**WORK REQUEST**
Of all the entries below, retype only the lines from the one with "The view from" through the one with "Streetball in the Hood Chapter 3 - Page 1", exactly as they appear.

**PROVIDED DATA**
<<<<

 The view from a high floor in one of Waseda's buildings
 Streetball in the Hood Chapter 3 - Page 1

>>>>
<<<<

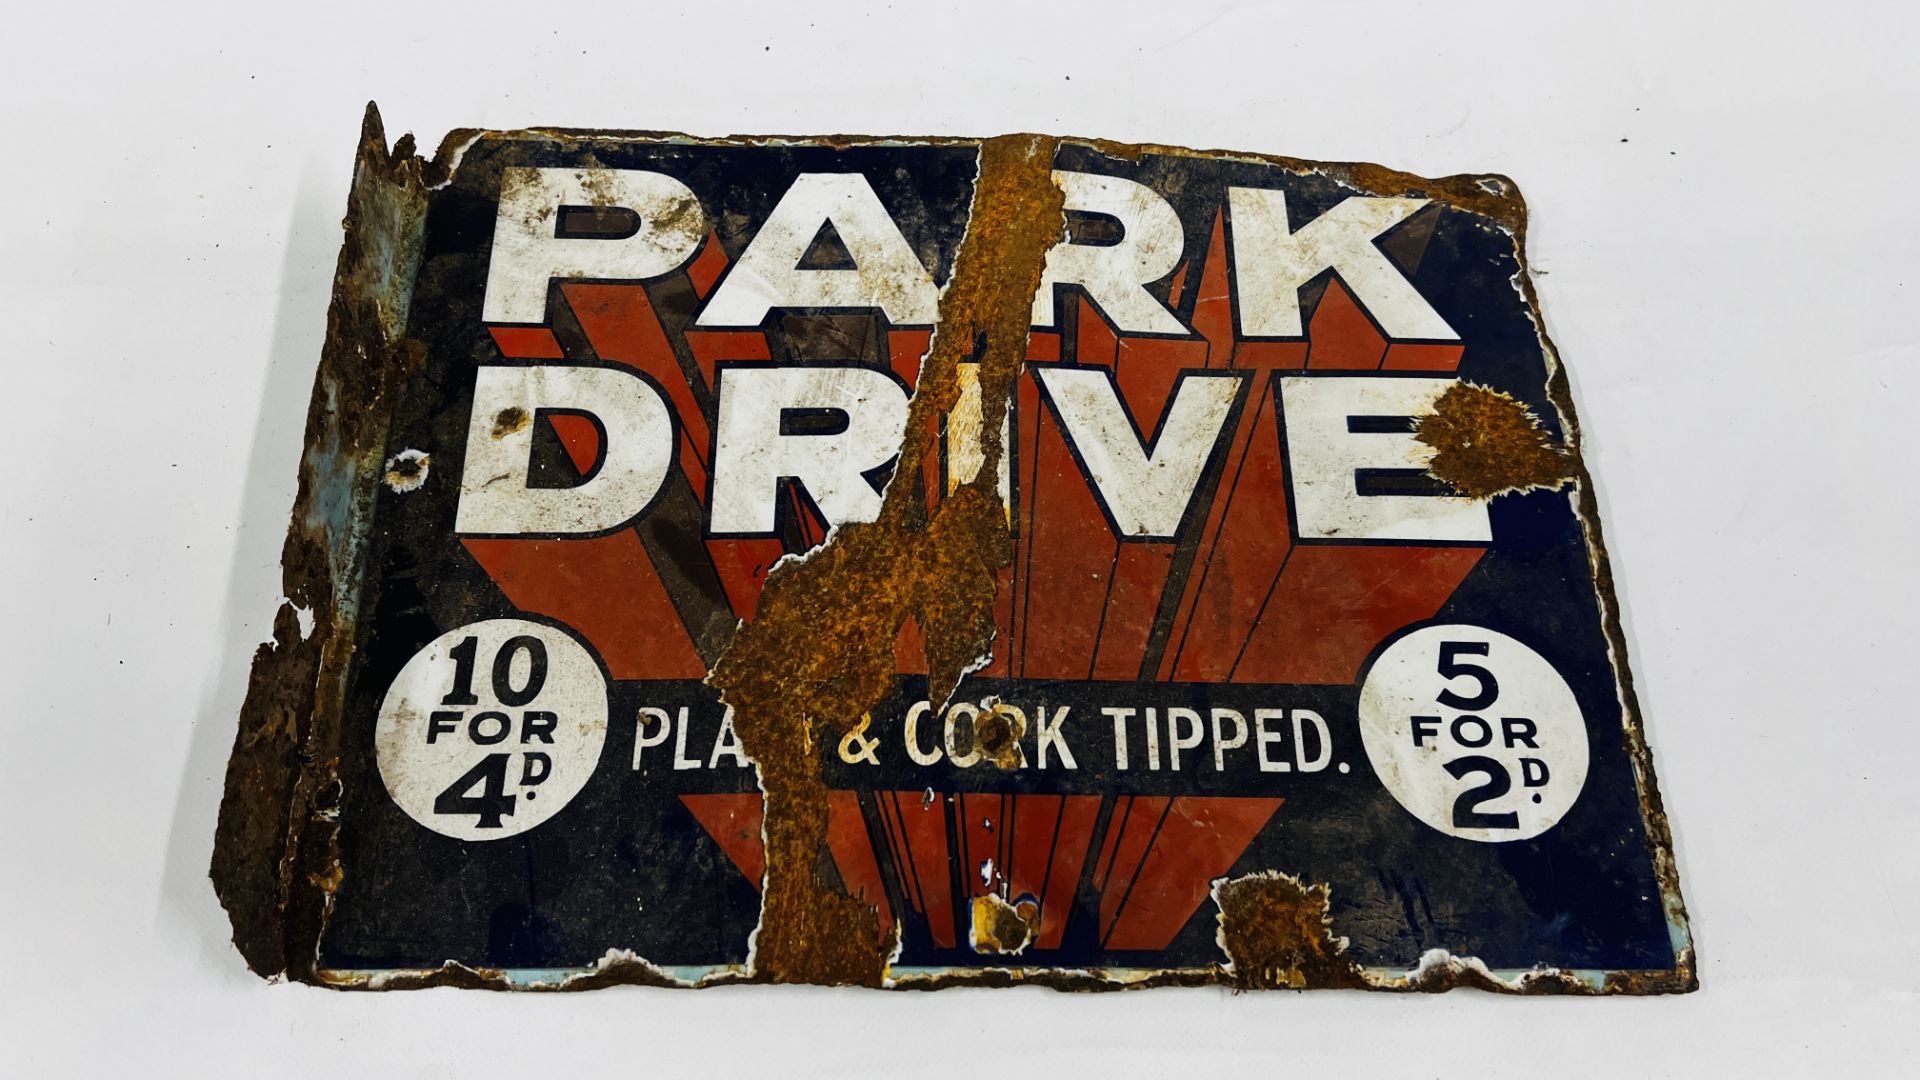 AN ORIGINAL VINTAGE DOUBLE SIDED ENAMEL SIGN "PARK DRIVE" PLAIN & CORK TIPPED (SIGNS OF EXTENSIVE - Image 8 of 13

>>>>
<<<<

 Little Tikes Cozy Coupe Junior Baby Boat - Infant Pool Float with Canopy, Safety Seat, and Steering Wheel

>>>>

**ANSWER AREA**
 The view from a high floor in one of Waseda's buildings
 Streetball in the Hood Chapter 3 - Page 1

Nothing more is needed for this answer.